Information supplied

------------------------------------------------------------

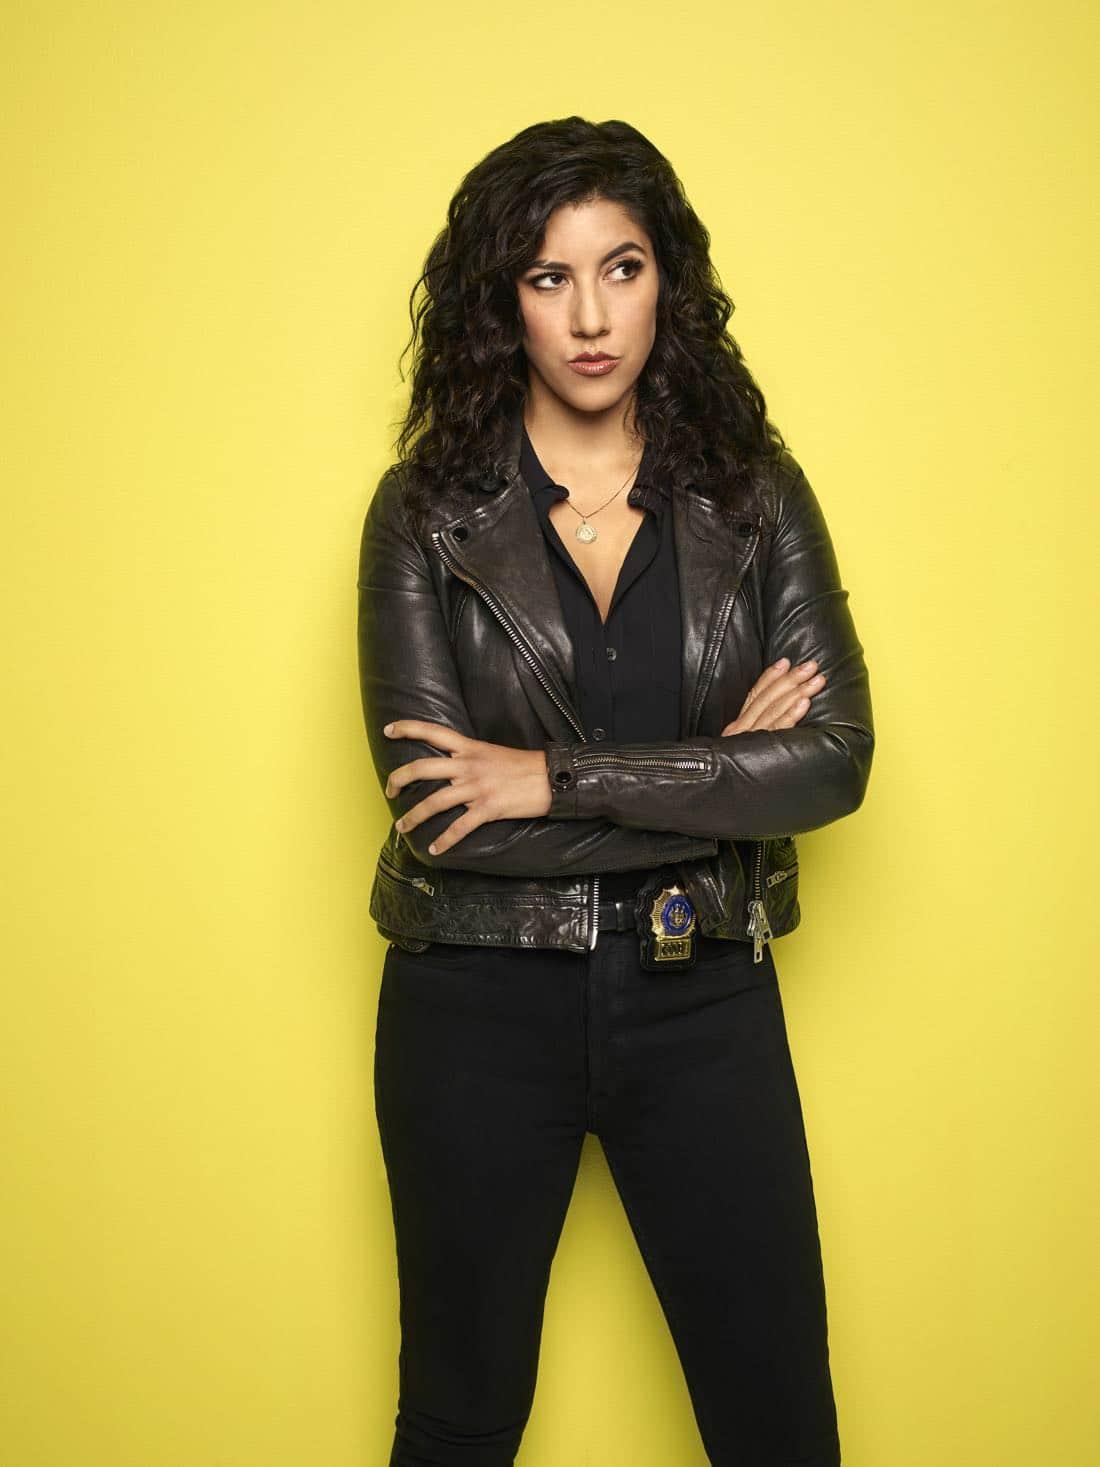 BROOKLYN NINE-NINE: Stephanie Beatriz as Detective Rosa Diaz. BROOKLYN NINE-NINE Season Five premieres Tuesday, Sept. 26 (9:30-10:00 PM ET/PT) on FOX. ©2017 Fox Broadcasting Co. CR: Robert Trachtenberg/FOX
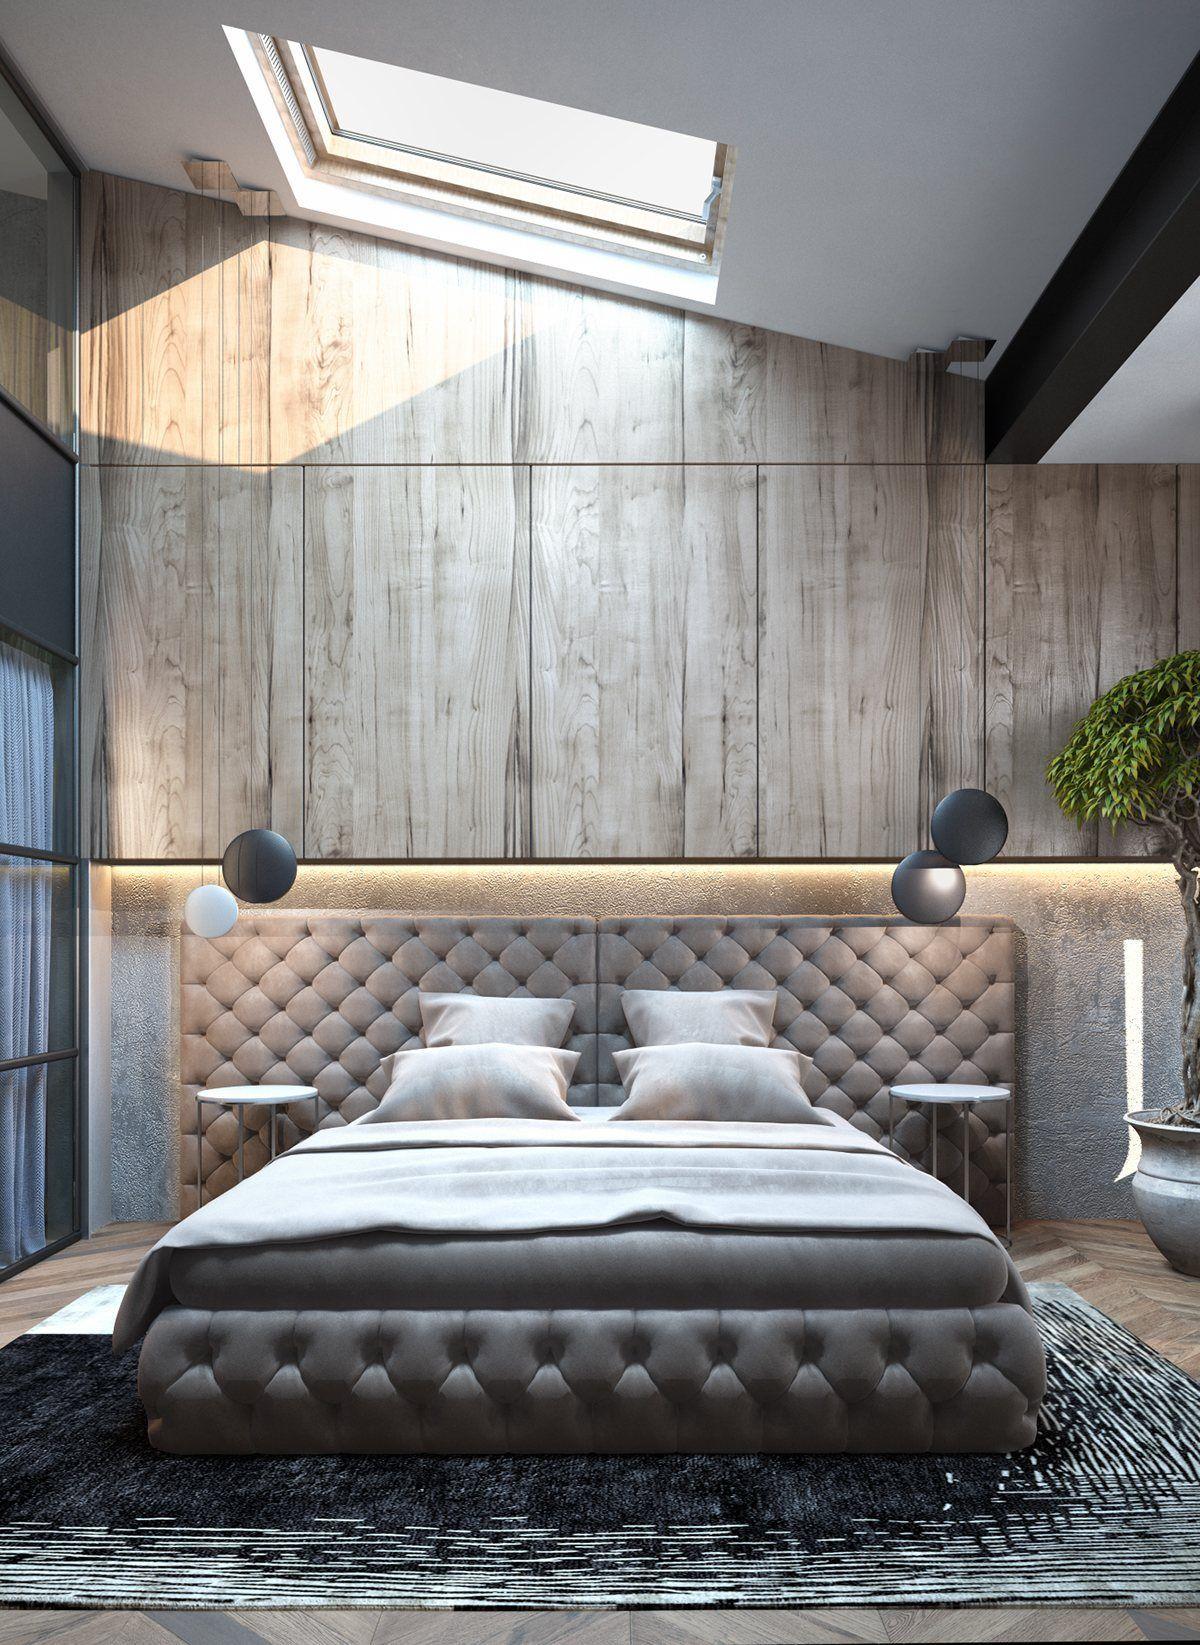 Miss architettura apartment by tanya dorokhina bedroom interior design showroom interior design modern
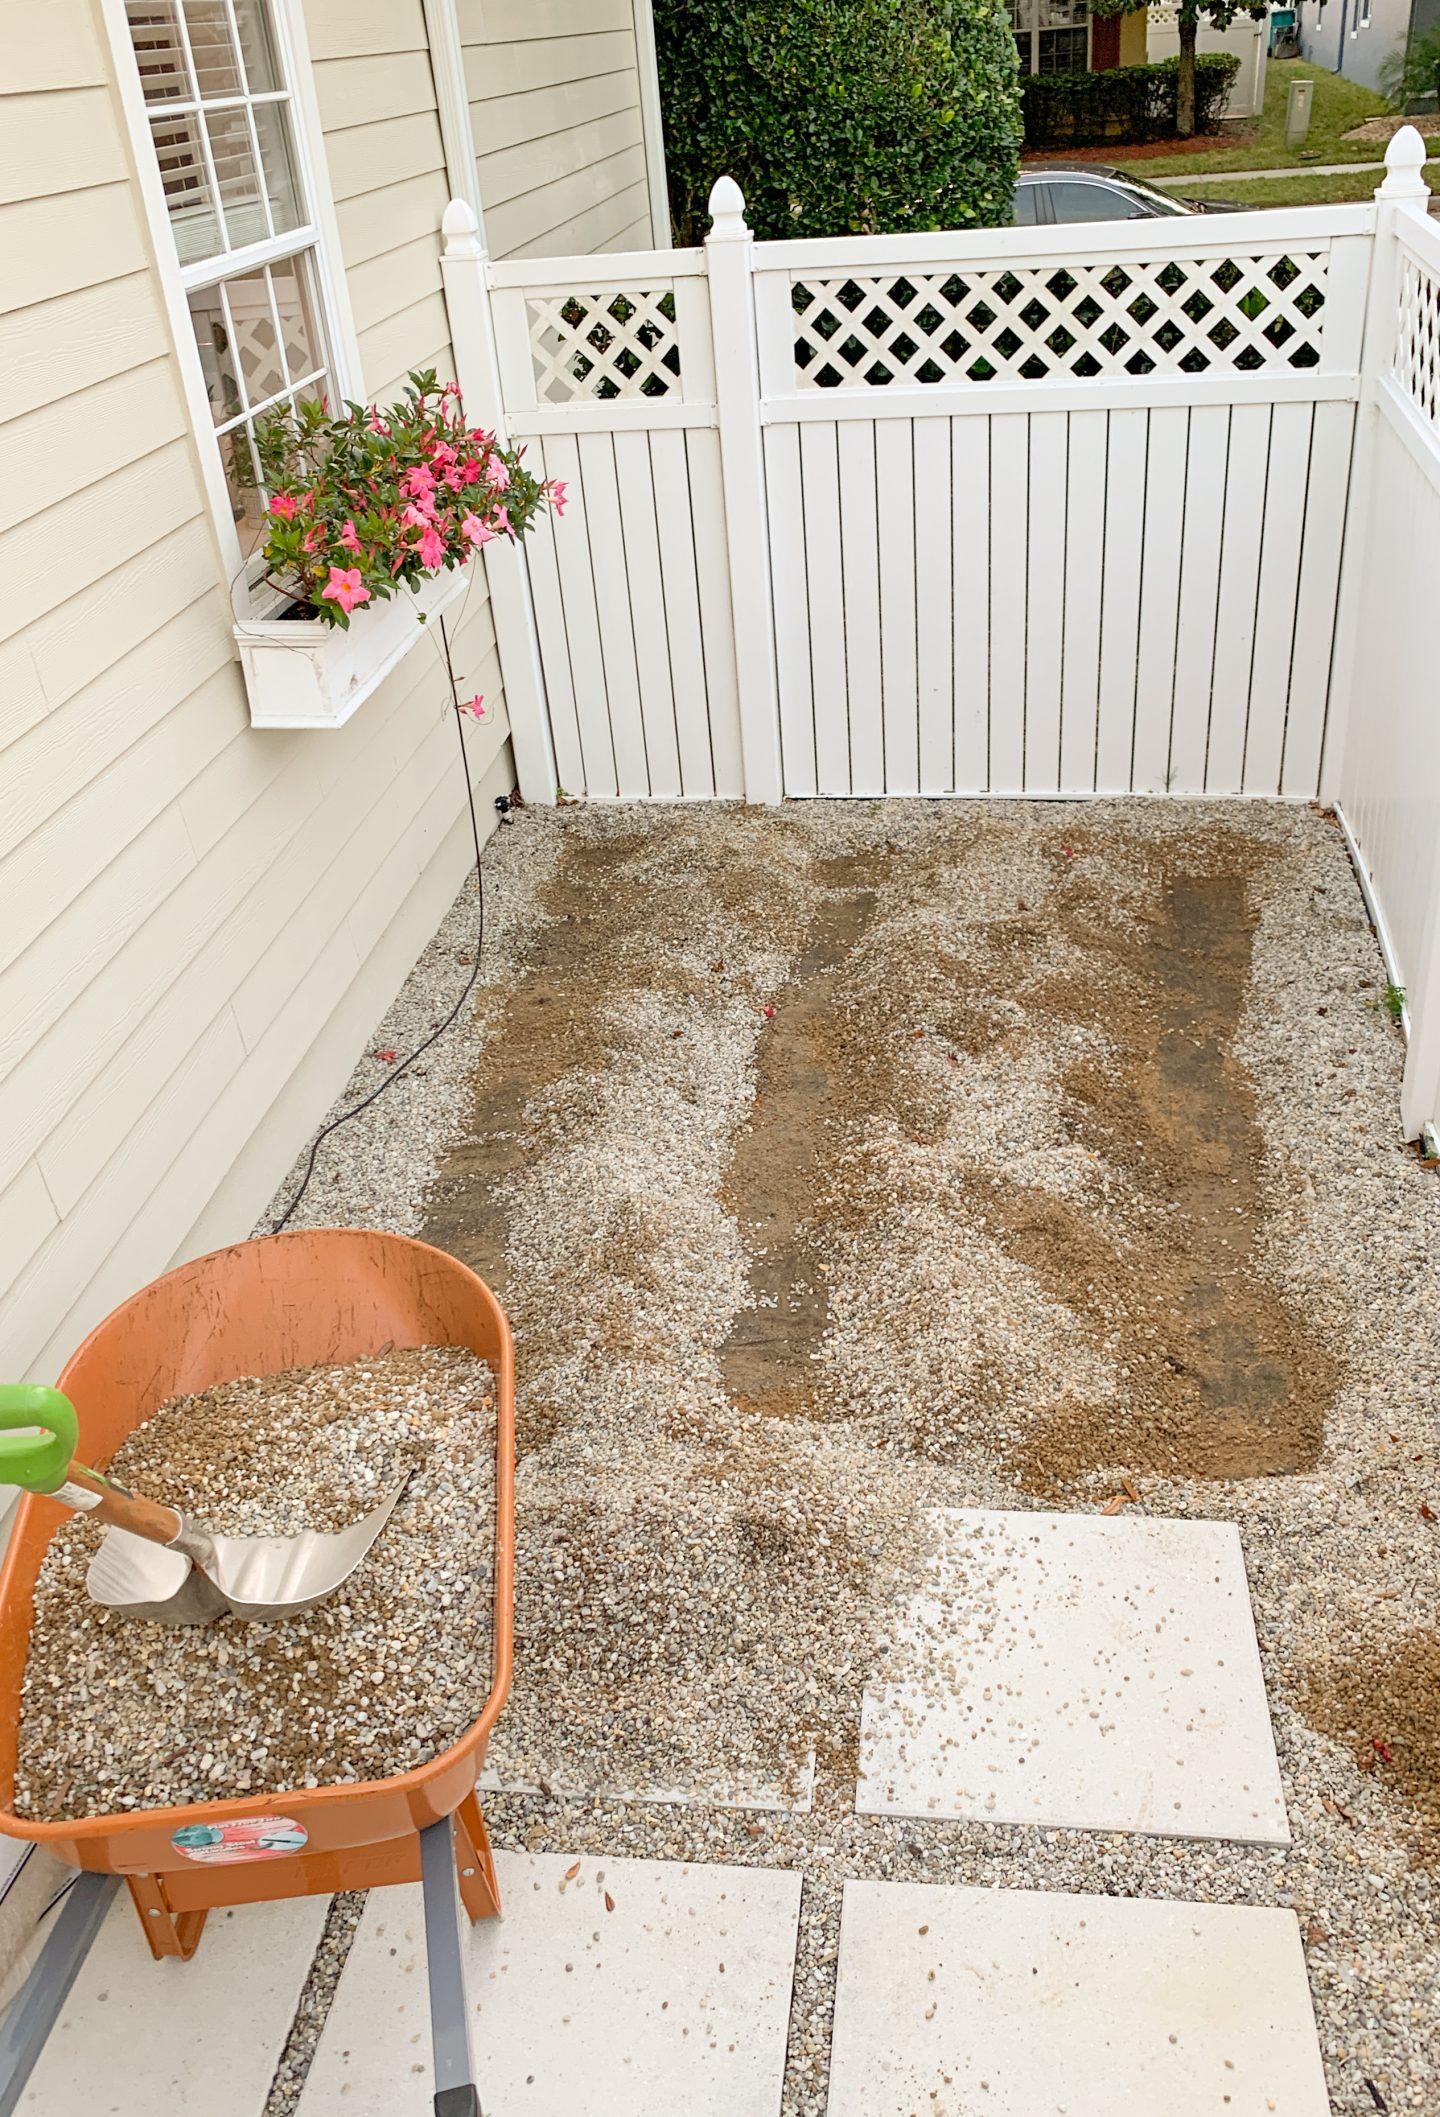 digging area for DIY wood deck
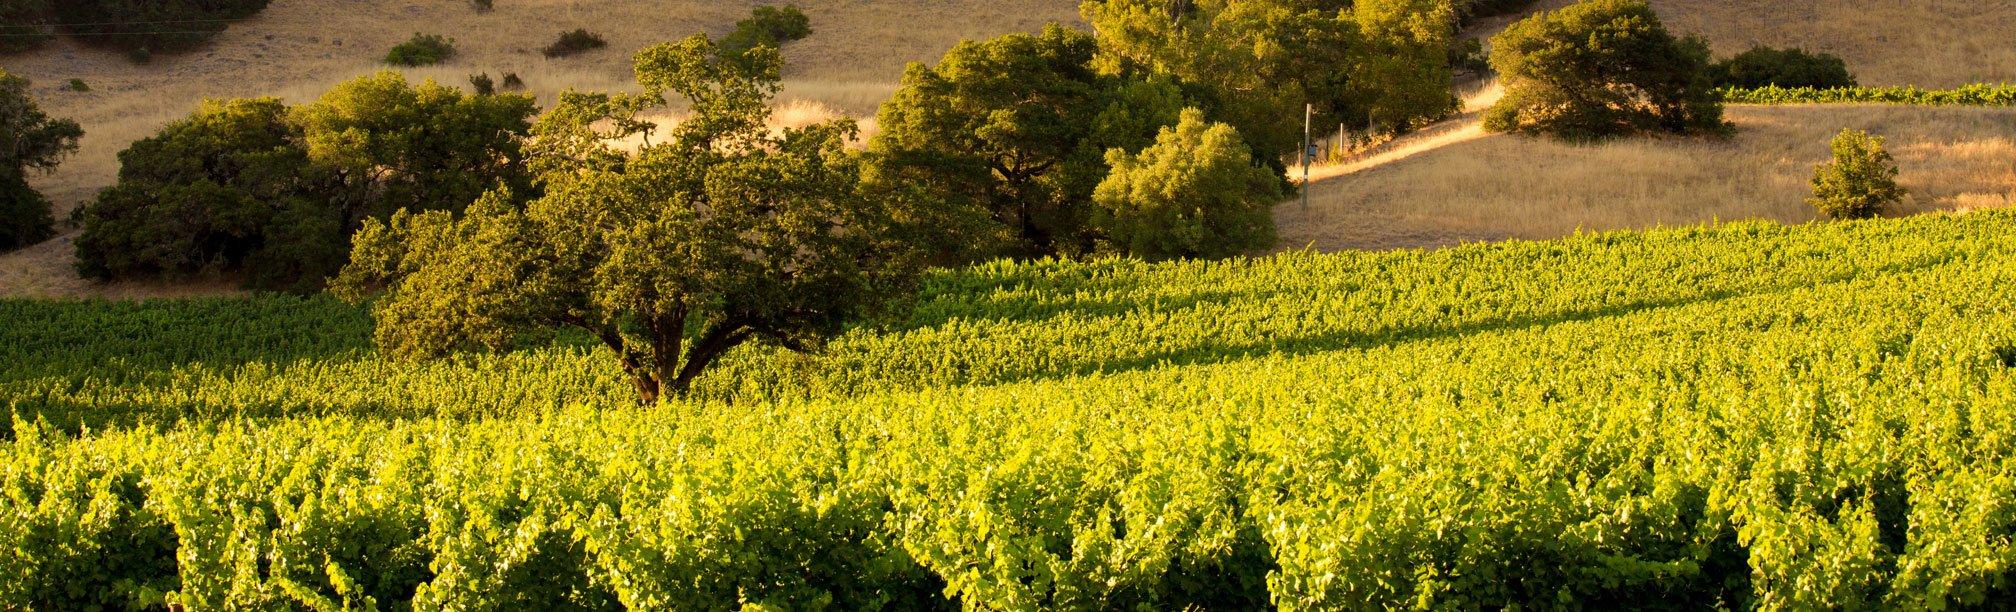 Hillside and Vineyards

------------------------------------------------------------

Task item
In your copy of the listing above, every line must match exactly and no picture may appear.

Written answer
 BROOKLYN NINE-NINE: Stephanie Beatriz as Detective Rosa Diaz. BROOKLYN NINE-NINE Season Five premieres Tuesday, Sept. 26 (9:30-10:00 PM ET/PT) on FOX. ©2017 Fox Broadcasting Co. CR: Robert Trachtenberg/FOX
 Miss architettura apartment by tanya dorokhina bedroom interior design showroom interior design modern
 digging area for DIY wood deck
 Hillside and Vineyards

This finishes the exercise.